By contrast, when Kenneth and I try to figure out some ecological factors likely to have contributed to the evolution of the shoebill’s eponymous facial feature we will not be motivated by any explicit theoretical models in mind. Oh, I’m quite sure such models can be found in the functional anatomy literature (not addressing shoebills, of course), and I would surely be a better scientist if I’d had them in mind when I decided to pursue Kenneth’s invitation to Uganda. But I make no such pretense.
So, wait…what?...am I doing this on a lark? No, not that either. The conceptual framework for this inquiry is Darwinian, but this is not a lofty exercise in testing that theory (i.e., nothing we learn has any potential for falsifying it). Instead, we’re just taking it out for a bit of exercise. I’m motivated partly by the surety that we will find surprises once we take a hard look at how the bill is used for prey capture/handling under field conditions. We have some hunches, as outlined in earlier postings on this blog. The sketch of a hypothesis (“Catcher’s Mitt”) is set out there before you, and God, and King Charles II.

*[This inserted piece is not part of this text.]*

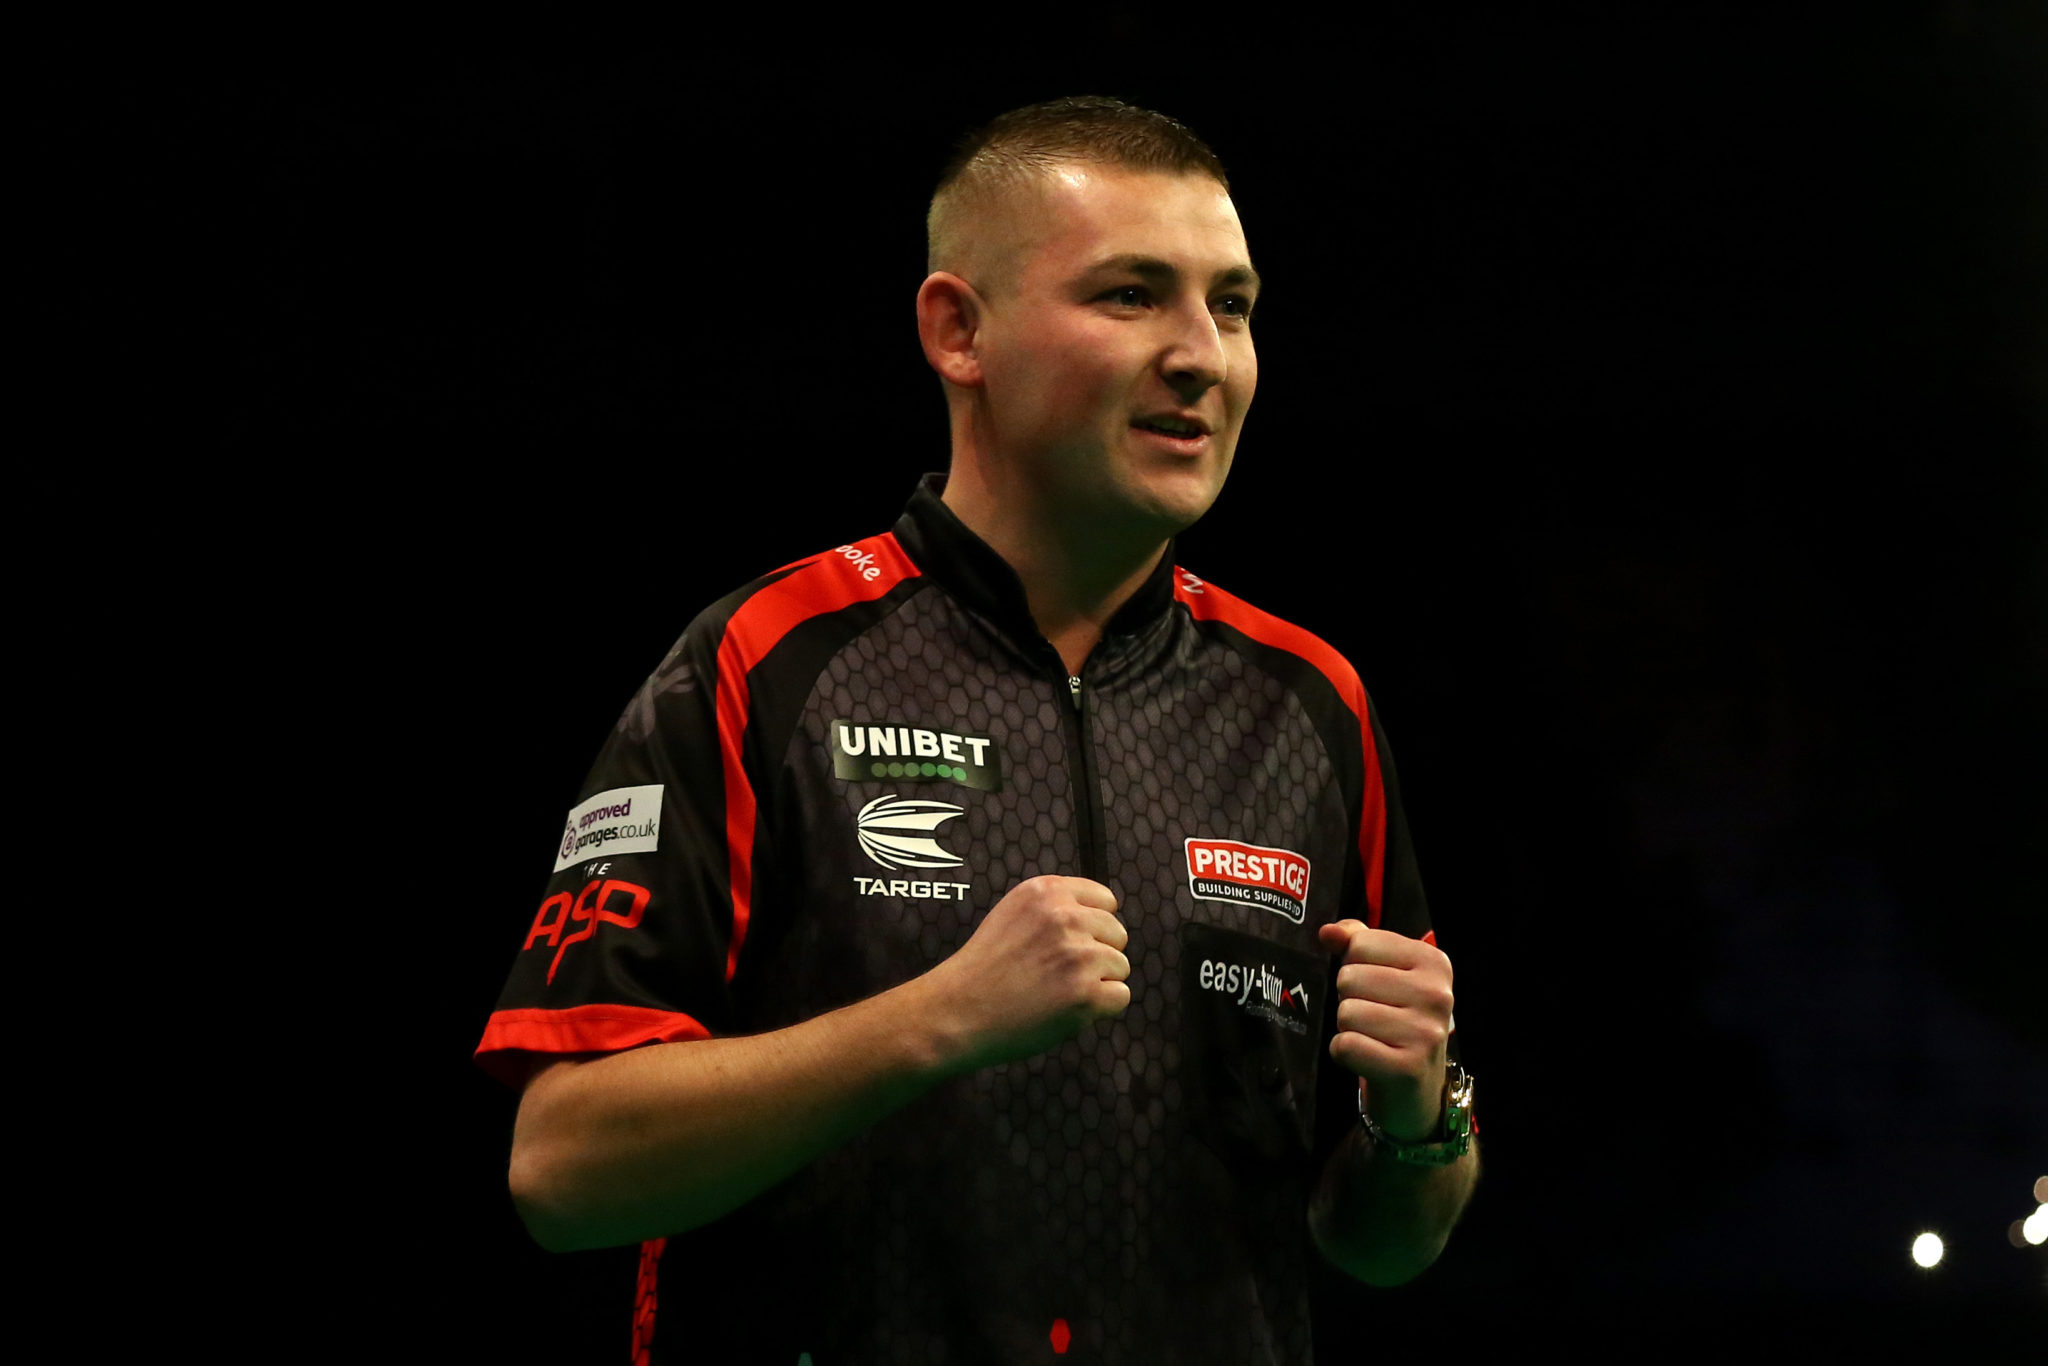 LIVERPOOL, ENGLAND - MARCH 12: Nathan Aspinall celebrates a draw in his match against Gary Anderson during Night Six of the Premier League Darts at the M&S Bank Arena on March 12, 2020 in Liverpool, England. (Photo by Lewis Storey/Getty Images)

So, here’s the thing. The human brain is arguably the best organ in history at thought processes in which we can rightly take pride: curiosity. Our species is often at their best when we’re being overtly curious. But our collective ignorance remains enormous, which is surely why every culture felt compelled to invent deities with supernatural powers that can be invoked to “explain” the things we find inexplicable (and often terrifying). For example, Q: Why do we all have to die? A: Because that is the will of Fill-In-The-Blank. That’s really not much of an answer.
Personally, I think there is a better answer to such questions, viz. “I have no idea, but let’s consider how we might find out.” I’m a really big fan of acknowledged ignorance.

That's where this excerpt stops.